Certifying Some Distributional Fairness with Subpopulation Decomposition

Certifying Some Distributional Fairness with Subpopulation Decomposition

Verify some distributional fairness using subgroup decomposition

Background : Extensive efforts have been made to understand and improve machine learning model fairness based on different fairness metrics, especially in high-risk domains such as health insurance, education, hiring decisions, etc.

Problems and flaws : The performance of end-to-end machine learning models lacks verifiable fairness .

Method and Model :

On a given data distribution, validation fairness of a trained ML model is formulated as an optimization problem based on model performance loss bounds on the distribution of fairness constraints within a bounded distribution distance of the training data distribution.

Contribute :

  1. A general fairness verification framework is proposed, and instantiated verification with sensitive offsets and general offsets .
  2. Decompose the source data distribution into analyzable subgroup distributions, solve the subproblems by proving their convexity, and thus solve the model optimization problem.
  3. Experiments prove that the verifiability of the model is strict in the case of sensitive offsets, and it is strict in the case of general offsets.extraordinaryof.
  4. The framework can flexibly integrate additionalunbiased constraint, and the result will be more stringent.
  5. The proposed verifiable fairness bounds are compared with existingAdaptive Distribution Robust BoundsA comparison shows that the former is more stringent.

1 Introduction

Flaws in previous work :

  1. Previous work mainly focuses on regularization training, disentanglement, duality, low-order matrix decomposition, distribution alignment and other methods to improve the fairness of ML.

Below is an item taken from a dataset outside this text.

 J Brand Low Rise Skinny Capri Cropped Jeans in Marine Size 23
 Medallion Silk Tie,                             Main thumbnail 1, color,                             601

  2. Some work on verifiable fairness characterization has been done on ML, but there is a problem: training an end-to-end model on a randomly given data distribution, this model lacks verifiable fairness in predicting results.

  3. The ML model that the existing literature on fairness focuses on is to train the model on a (non-)balanced data distribution, and evaluate the performance of the model through the existing fairness evaluation method in the measurable target domain, so the fairness The evaluation depends only on the choice of evaluation method, and does not take into account the validity of the method.

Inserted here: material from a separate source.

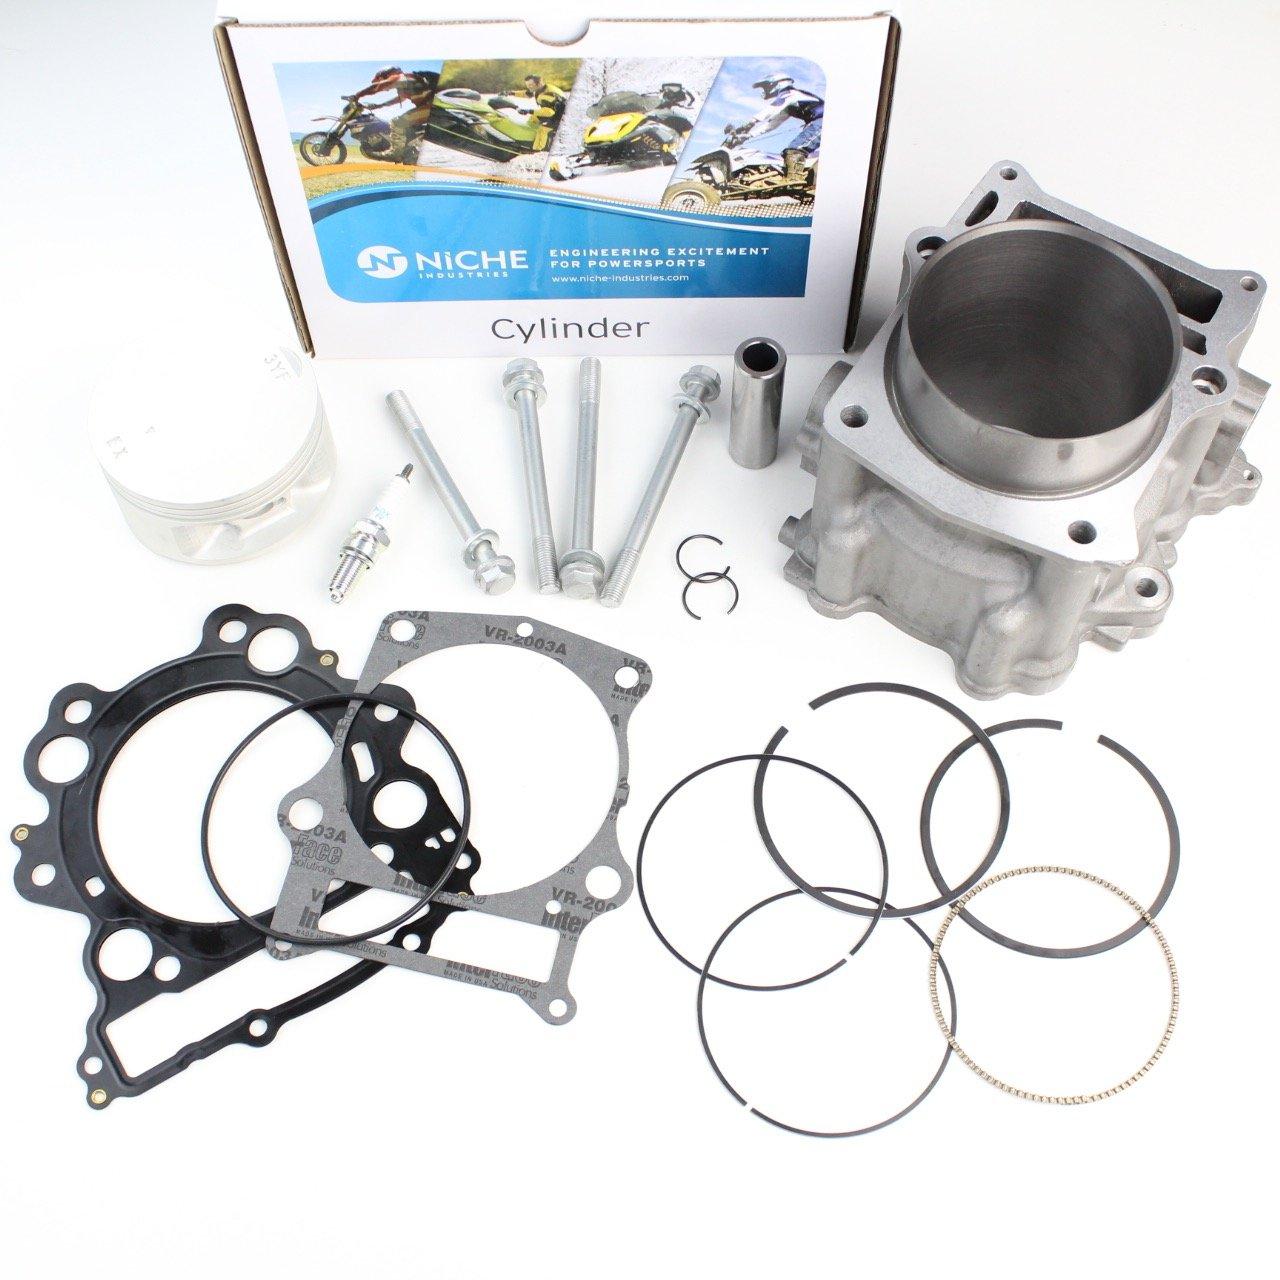 Niche Industries 1810 Yamaha Rhino 660 Cylinder Piston Gasket Top End Rebuild Kit 2004-2007

Verifiable Fairness : On a fairness-constrained test distribution Q, where Q is within a bounded distance from the training distribution P, define verifiable fairness as the worst-case upper bound on the model's prediction loss .

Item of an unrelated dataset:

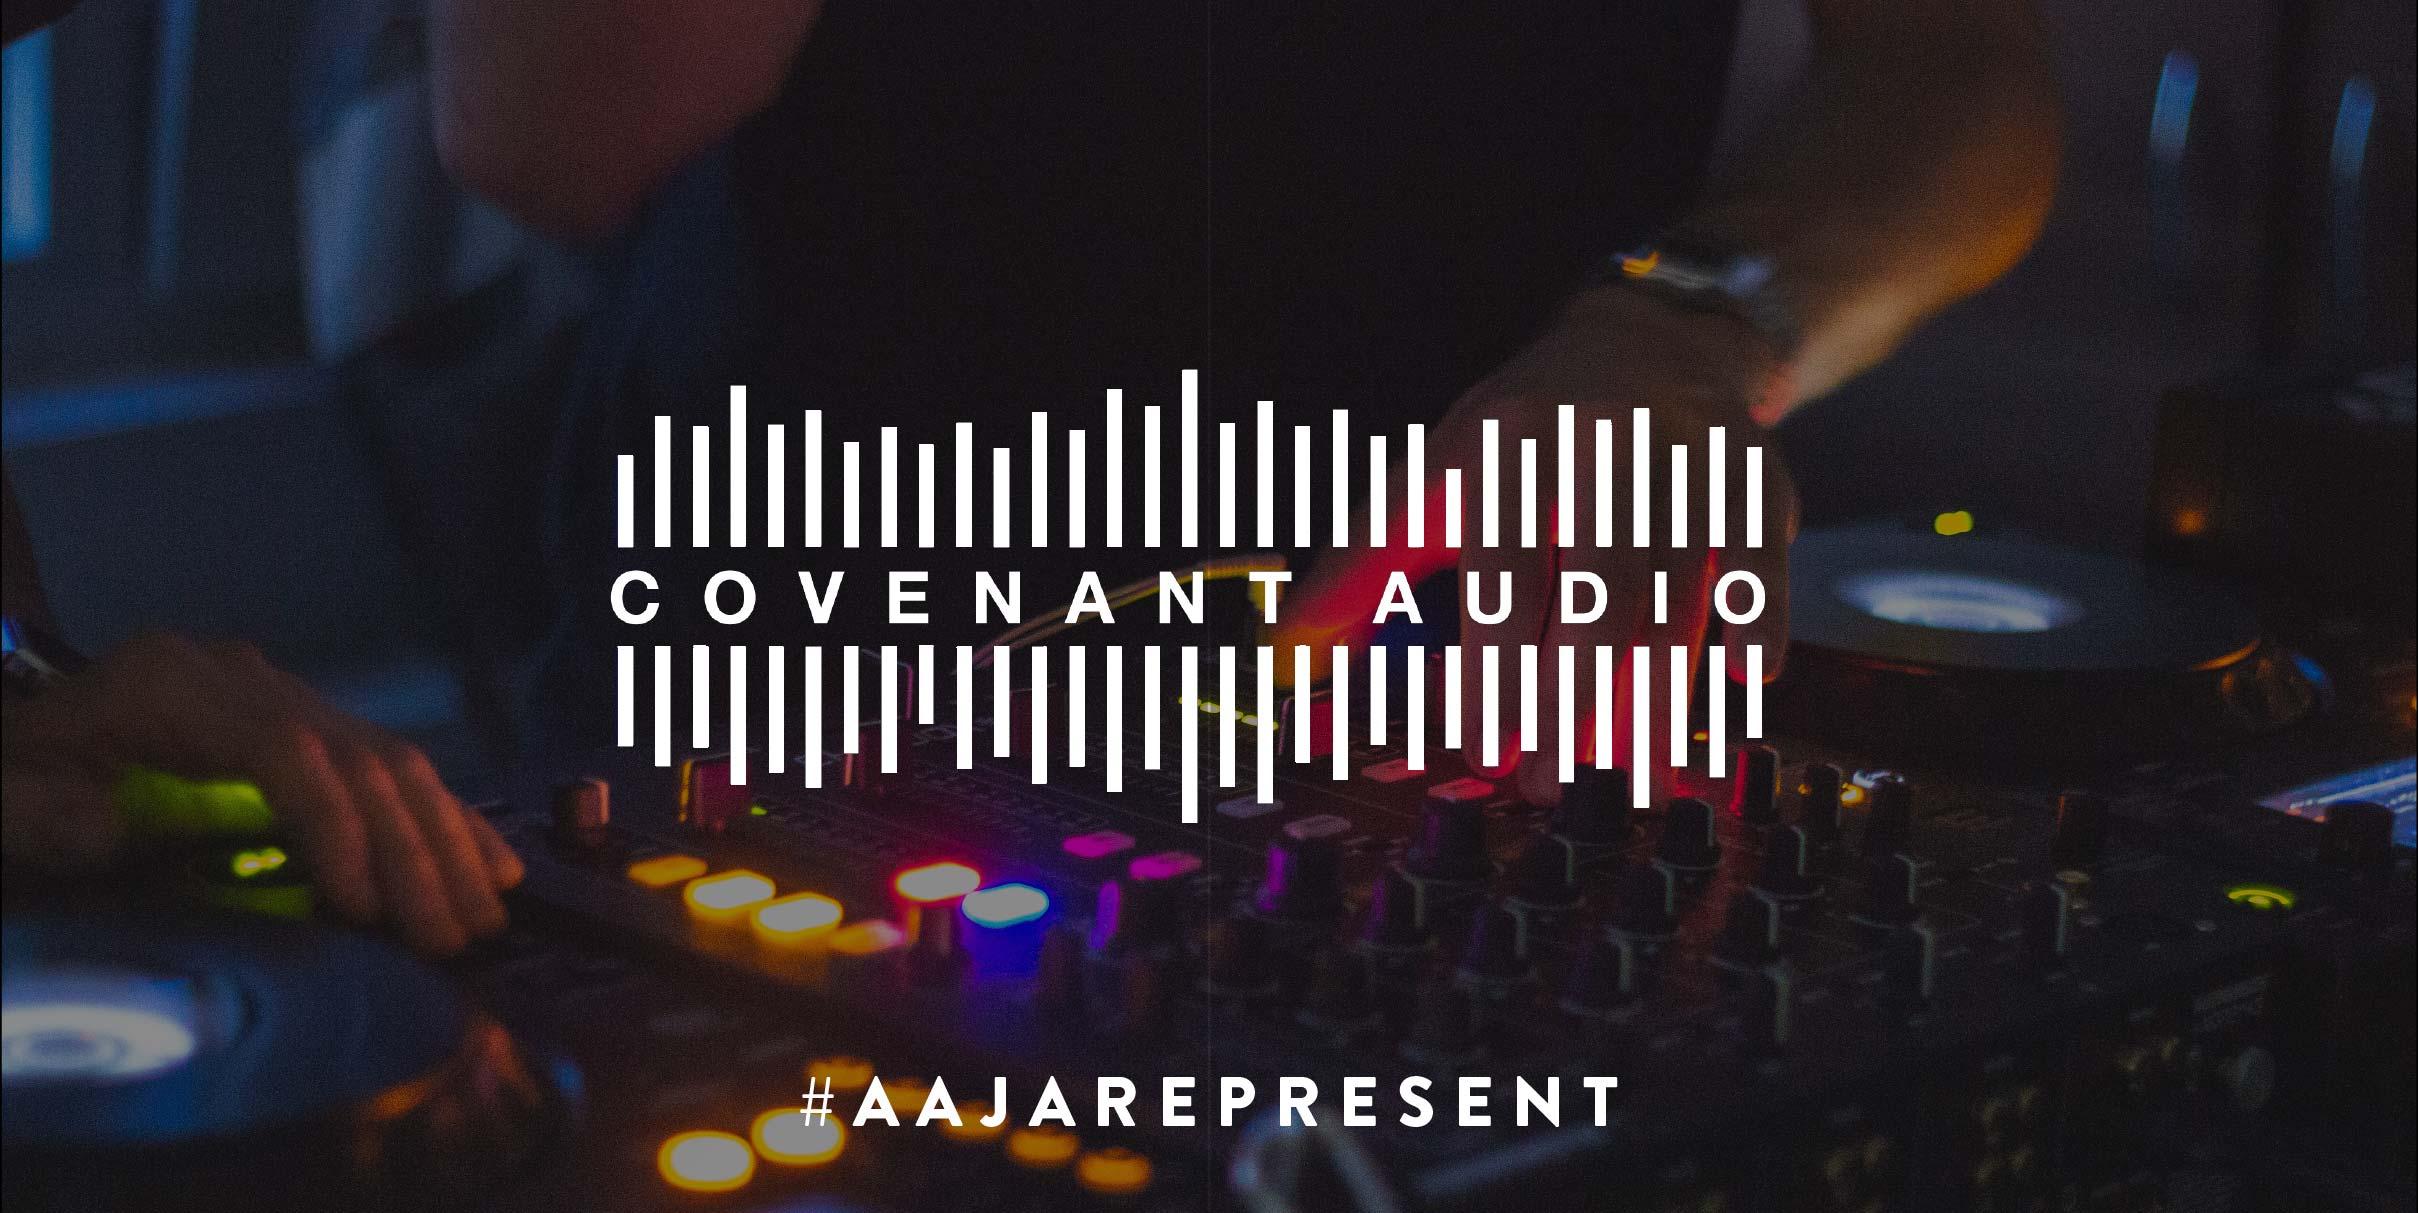 AAJARepresent Entertainment: Covenant Audio

Base Rate Conditionsas a fairness constraint on the test distribution Q.

sensitive shifting Sensitive shift : The cascade distribution of sensitive attributes and labels can change.

general shifting : everything including the conditional distribution of non-sensitive attributes can be changed.

Group Fairness : Measuring the independence between sensitive features and model predictions. Separation [separation] indicates that given the target label, the sensitive feature is statistically independent of the model prediction. Sufficiency [sufficiency] indicates that a given model prediction, sensitive features are statistically independent of the target label. That is, group fairness requires sensitive attributes to be independent of target labels and model predictions.

Individual fairness : similar input features will produce similar output results.

This paper differs from previous work :

  1. Validation fairness considers the performance of end-to-end ML models, not the level of representation learning.
  2. Fairness is defined and verified based on a distribution of fairness constraints.
  3. For any black-box model trained on a given random data distribution, verifiable fairness can be computed.

Question 1: How does the benchmark interest rate conditional constraint encode the fairness constraint distribution?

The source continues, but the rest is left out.